On
February 8, students at Asbury College in Wilmore, Kentucky, filed into Hughes
Auditorium for their regularly scheduled chapel service. What happened was anything but regular. What
has continued to happen is far beyond anything anyone could have scheduled.
A
spontaneous prayer meeting broke out that has continued for weeks. Tens of thousands of people have since been
drawn to Asbury to participate in the outpouring. This week, the continuous
prayer service is being moved to various other sites to accommodate the crowds
that threaten to overwhelm the small town.
The University posted on its website: “the
university in consultation with local law enforcement and city administration
notified incoming visitors that parking and seating had exceeded
capacity.” The University’s Communications Director said people were
coming from all over the country, including some who just arrived from Finland
and the Netherlands.
According to the executive editor of the campus newspaper, the
continued prayer meeting has been “a mix of worship, testimony, prayer,
confession and silence.” According to
other sources the Asbury experience has spread to at least four other
Universities, including Samford, University in Homewood, Alabama.
According to Beck Taylor, President of Samford, "This is spontaneous, organic, student-led
worship.” He continued, “What's
happening isn't contrived, programmed, or scripted. Nor is it performative or
disingenuous. Students and others see it as an opportunity for the Samford
campus to find unity in Christ, to encourage one another to faithfulness, and
to extend the love and grace of Jesus to everyone.”
The participants are young, many are students, others in their 20s
and 30s. It is not the first time. In 1970 a similar spiritual movement started
spontaneously at Asbury and spread across the country. The broader context of that movement came to
be know as The Jesus Revolution of the late 1960s and 1970s. Thousands of lives were changed as many who
had sought fulfilment in drugs and the hippie culture found faith in Christ.

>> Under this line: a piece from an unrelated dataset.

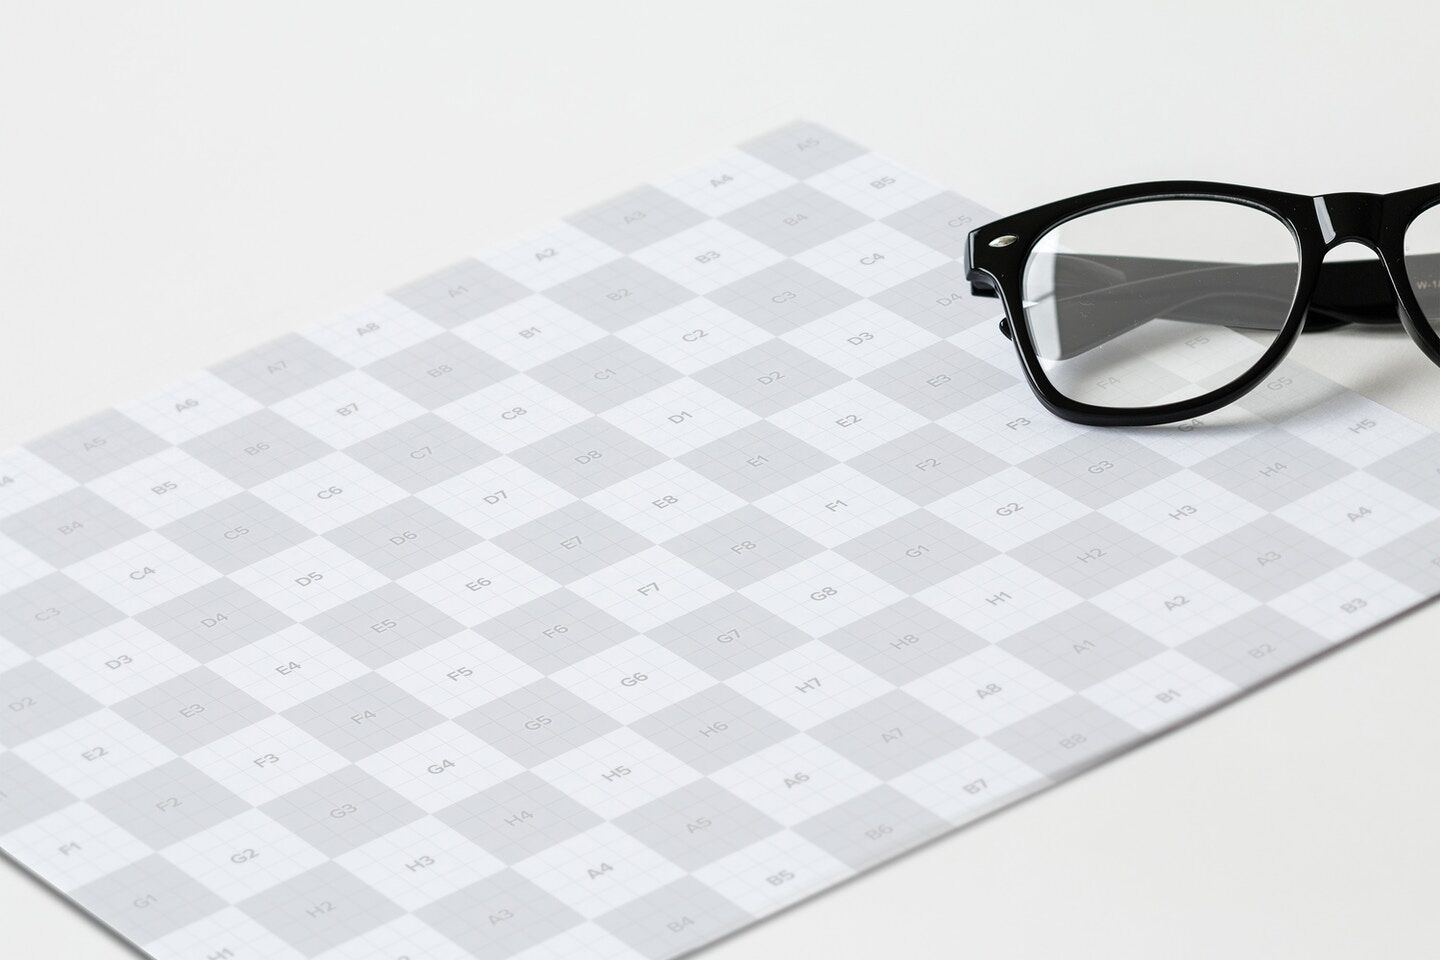 Letterhead Mockup With A Glasses FREE PSD

There have been others spiritual movements in our nation’s
history, most notably the Great Awakening of the 1700s that swept England and
the American Colonies. That movement included
John and Charles Wesley, George Whitefield and was witnessed by Benjamin
Franklin who published Whitefield’s sermons.
At
noon on September 23, 1857, a businessman named Jeremiah Lamphier waited for
others to join him for prayer in a room on Fulton Street in New York. Six people showed up. The next week, 20
came. Then 40. They started meeting daily. The crowd swelled
to more than 3,000 following the financial panic of October 14. In less than 6 months, 10,000 businessmen
were attending daily prayer meetings in New York. More than 10,000 came to
faith in Philadelphia, 5,000 in Boston. At its peak, 50,000 people a week were
professing faith in Christ. In Bethel,
Conn. businesses closed for prayer. Led
by laity and crossing denominational lines, the movement swept more than one
million people to faith in Christ leading up to the Civil War.

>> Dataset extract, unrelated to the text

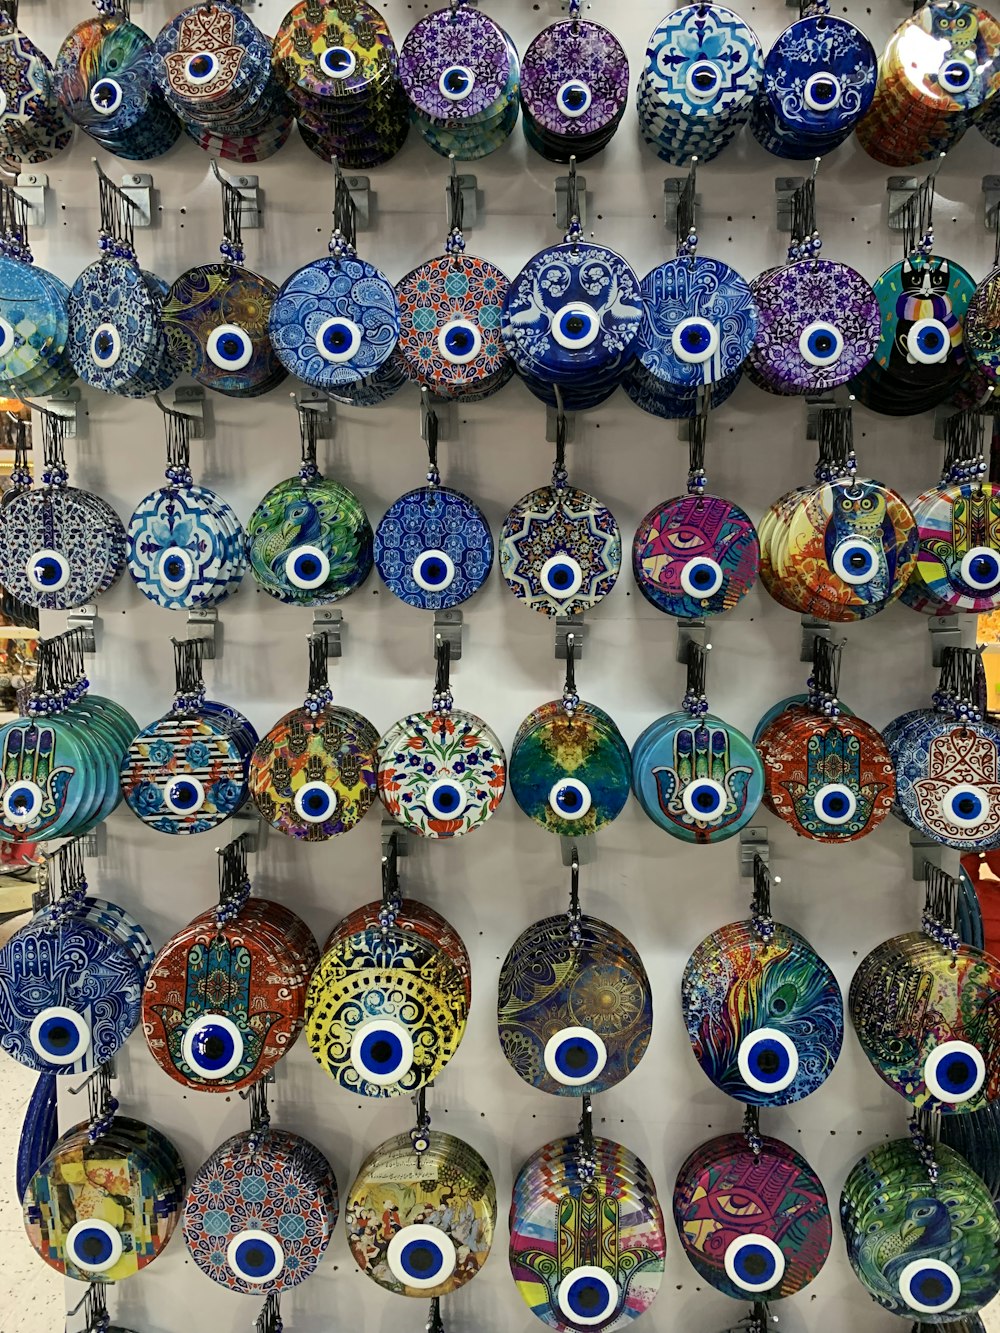 a display of evil looking glass ornaments on a wall

We don’t know what the long-term results will come from the
current experience at Asbury. It is too early to tell. What is undeniable is the evidence of deep and
widespread spiritual hunger among the young across our nation. We can pray that God will do something in our
day and in this generation that will redeem our nation and produce the fruits
of the Spirit: “love, joy, peace, patience, kindness, goodness, faithfulness,
gentleness and self-control.” (Galatians 5:22-23).